Было у девушки любимое место за деревней: речка Извилька, по берегам ивняки тянутся. Туда приходила девушка после работы одна, без подружек, пела на бережку. Кому довелось слышать, рассказывал, что таких чудных песен не слышали. Сладкие слезы ручьём льются.

Однажды Чирдэм пришла: плещется в нагретой солнцем воде девушка. Нахмурилась: это кто же её заветное местечко разведал? Решила незнакомку не окликать, присела на бережок.

Рядом одежда лежит: платье лёгкое, скользкое, травяного цвета. Чирдэм интересно – на руки взяла, ткань рассматривает: зелёные блёстки переливаются. Покрой дивный, просторный. Ворот и рукава золотом вышиты, ивовыми серёжками. Богатая одёжка. Вот бы такую на концерт надеть – городские бы модницы обзавидовались.

– Ты чего высматриваешь?!

Перед Чирдэм стоит девушка. От купания у неё тело в капельках, будто в жемчужинах. Пушистые волосы на затылке сколоты. Глаза синие, гневом брызжут. Брови сердито надломлены.

А Чирдэм не знает, что сердитой девушке сказать. Что дорогого платья в руках держать не приходилось – на самой-то вечно застиранные майка с джинсами.

А девушка уже по-доброму усмехается:

– Постой, да ты не Азвесь Чирдэм? Певунья, красавица…

– Выдумала красавицу!
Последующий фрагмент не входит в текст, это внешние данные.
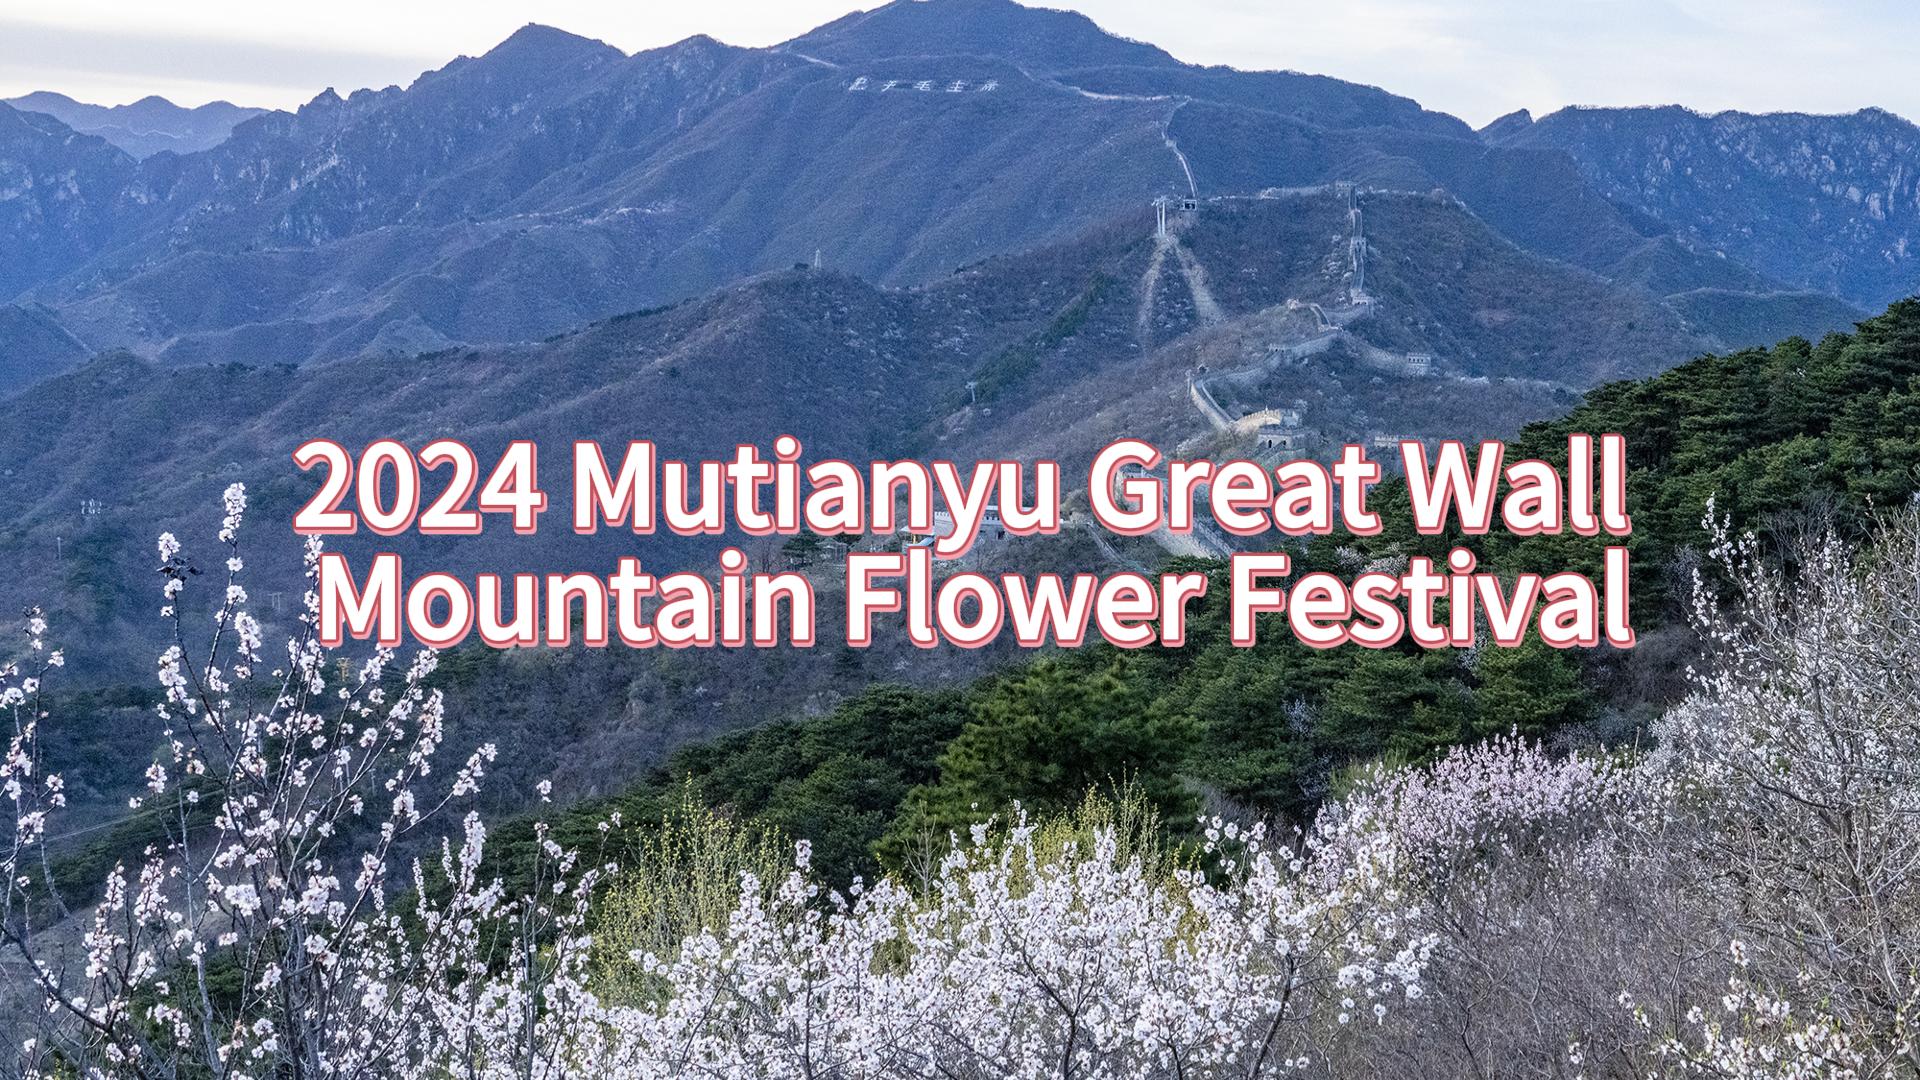 2024 Mutianyu Great Wall Mountain Flower Festival officially kicks off

Чёрная, смуглая, как цыганёнок.

– Я тебя часто слушаю, – продолжает девушка. – Иной раз не стерплю, всплакну. Душевно поёшь, милая.

Чирдэм на неё во все глаза смотрит. Девушка как девушка, только росту больно большого: на целую голову выше самого высокого мужчины в деревне. Стоит в одной тонкой сорочке, и платья не накинет. «Бесстыжая, однако», – решила. А вслух заискивающе сказала:

– Тело у тебя красивое. Белое, шёлковое. Руки нежные, как у ребёнка.

– Не всегда, как у ребёнка-то, были. И чёрную работу знавала. Котлованы рыла, робы тюремные строчила…

– Ой, тебя не Ивушка ли зовут? В деревне про тебя рассказывают. Только мало кто верит.

– А ты верила? – испытующе спрашивает девушка.

Чирдэм рассудительно сказала:

– Не в сказке живём – в жизни. А слушать про тебя любила. У нас на жил дед Пурысь, год как помер. Так он пуще всех про Ивушку рассказывал… Только помер он, дед-то. Да и людские языки тут приврут, там приукрасят…

– Что ж, расскажу как было. Только осмотримся: нет ли рядом лихого глаза.

Ивушка по берегу прошлась. Чирдэм ею любуется. Идёт лесная девушка величаво, плавно. За спиной тяжело коса покачивается.

– Ты, верно, знаешь, я дочка местного егеря. У нас сторожка в лесу была срублена. Мать моя умерла рано. Отец меня жалел, не женился. Помню, всегда приговаривал:

– Мачеха – хуже горячей сковороды.

Большой он был, с кудрявой бородой. Ручищи мохнатые, ровно у медведя.

В детский садик я не ходила – нянькой мне лес был.

На заре отец меня по голове гладит:

– Нылы (доченька), не раздумала со мной на обход идти?

А я еще маленькая, спать хочется. Головёнка на подушку клонится, а всё равно лепечу:

– Нет, атай (отец), я с тобой.

Вот и хорошо. Идём по лесу. Серенько ещё, а пташки заливаются. А солнышко проглянет– роса под босыми ногами огнём горит – ступить страшно!..

В полдень знойно, пчёлы гудят. Малиной, мёдом пахнет… А рядом лес еловый, синий. Зайдём туда, словно в тенистую прохладную комнату.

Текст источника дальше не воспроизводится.